Proficiency-based learning means that our educators, schools, and district are committed to ensuring that all students can independently apply our expectations. How is this different than traditional/industrial age schools? What should you expect in a proficiency-based learning school?
We now live in the digital age, and our students are digital age learners. Growing, living, and succeeding in the digital age requires different mindsets and skills than in an industrial age. Students need to learn to collaborate, connect, critically think, and create in varied ways. It is no longer “good enough” to leave high school with a “barely passing” average. It is no longer “good enough” to move on simply because of a birthday. Our students and community deserve the best, and “barely passing” and “moving on” are not what is best. So, as a result, we are changing. We are rethinking how we “do school.” From grade levels, to grading, to testing/assessment, to class length, to the diploma. We are creating schools that are based on the needs of the learners. We are putting students first. And we will be diligent in our efforts to make sure all students meet our high expectations of learning and performance.

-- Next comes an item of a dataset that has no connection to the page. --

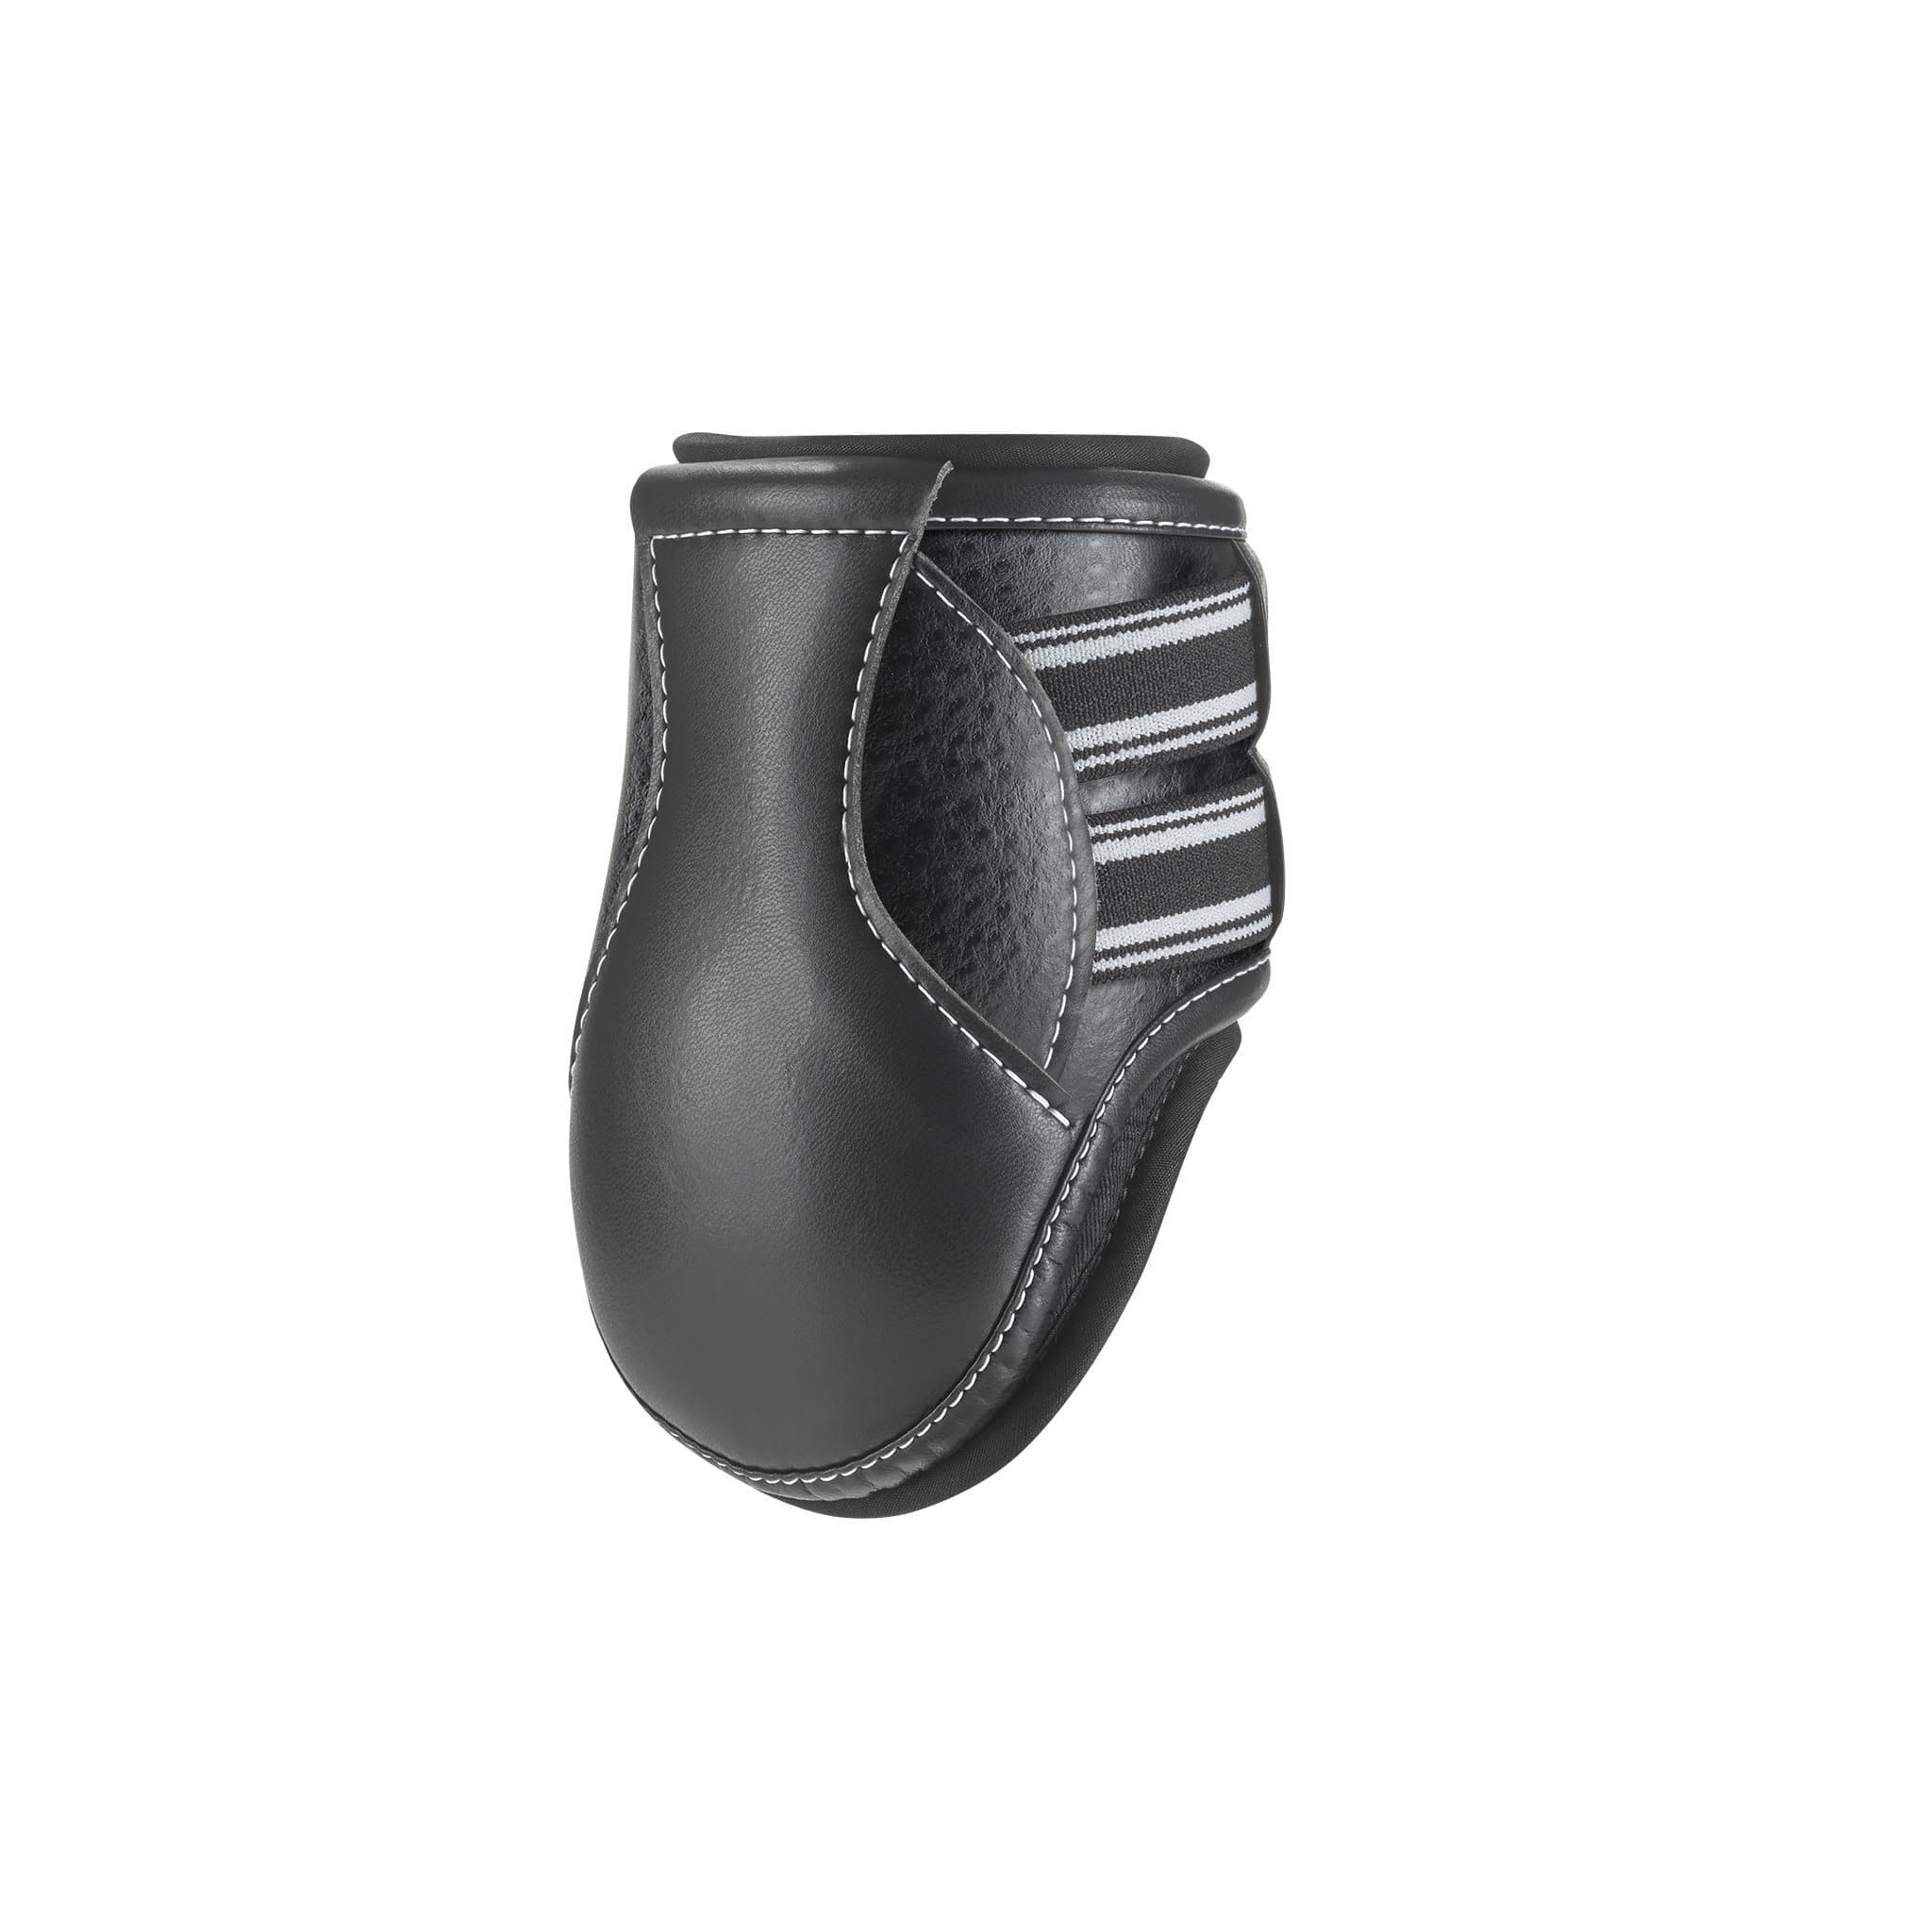 EquiFit D-Teq Hind Boot with ImpacTeq Liner
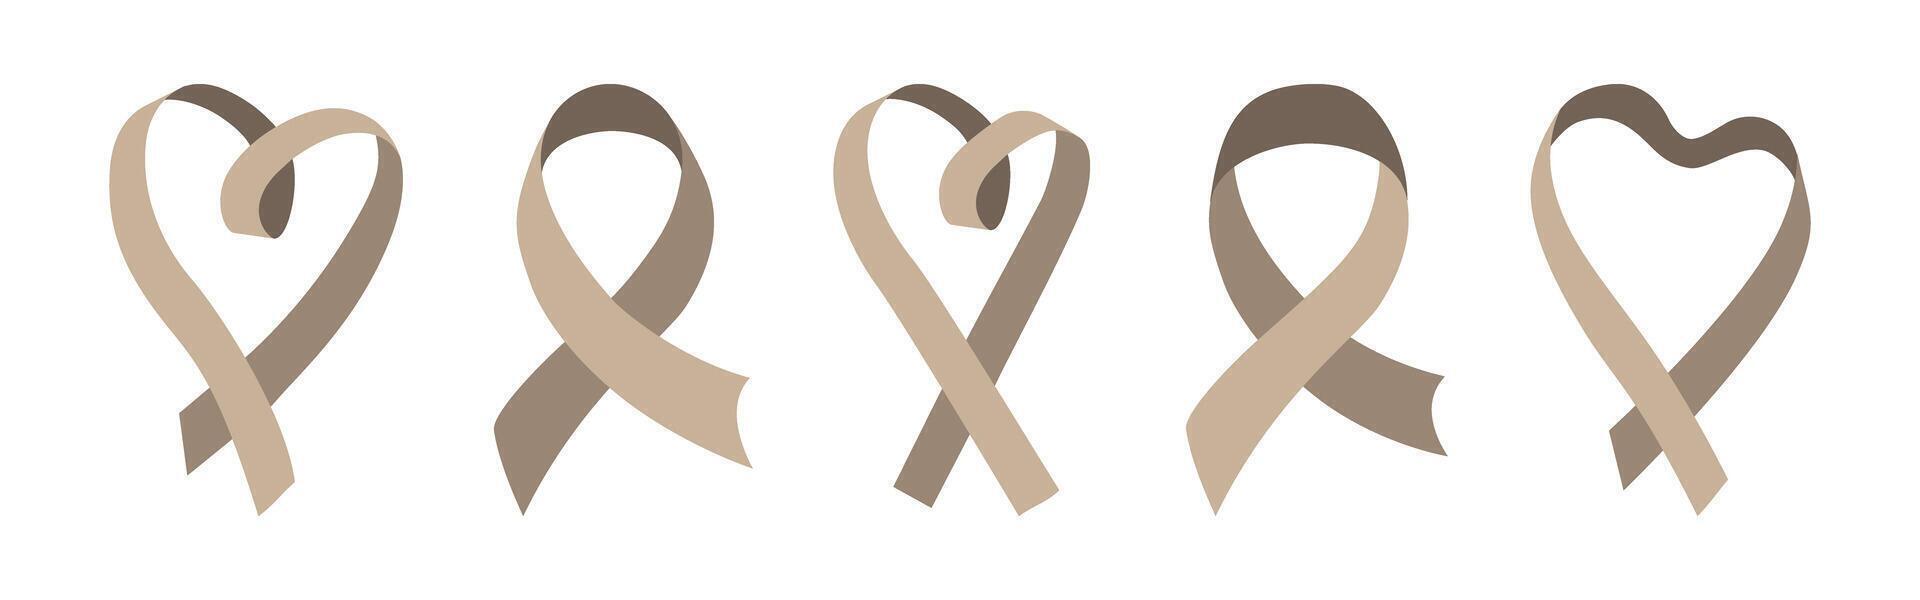 Set of ribbons isolated on a white background vector

“Education is not the learning of facts, but the training the mind to think.” – Albert Einstein
Proficiency means a combination of what a learner knows, and what a learner can do. What a learner “knows” is based on the nouns in the learning goal, most easily recognized as the content. What a learner “can do” is based on the verbs in the learning goal, often referred to as complexity. Proficiency also means a learner demonstrates his/her learning independently (autonomously)… in other words, by himself/herself without “hand holding” by a teacher, a peer, or anyone else.
In other words: Content + Complexity + Independently = Proficiency
If a learning goal is “compare and contrast main ideas across multiple texts,” then a learner is proficient if he/she can independently compare and contrast main ideas across multiple texts.
It’s that simple.
If a learner cannot “compare and contrast main ideas across multiple texts,” then the student keeps working on that goal, with support from classroom educators, until he/she meets it. Learners can not just “move on” or be “passed on” if they haven’t done the work, because they shouldn’t be.
If a student can demonstrate that he/she can independently apply the content, but at a deeper/more complex level of critical thinking that is in the learning goal.
This framework for proficiency applies to all students in MSAD #46, regardless of grade level.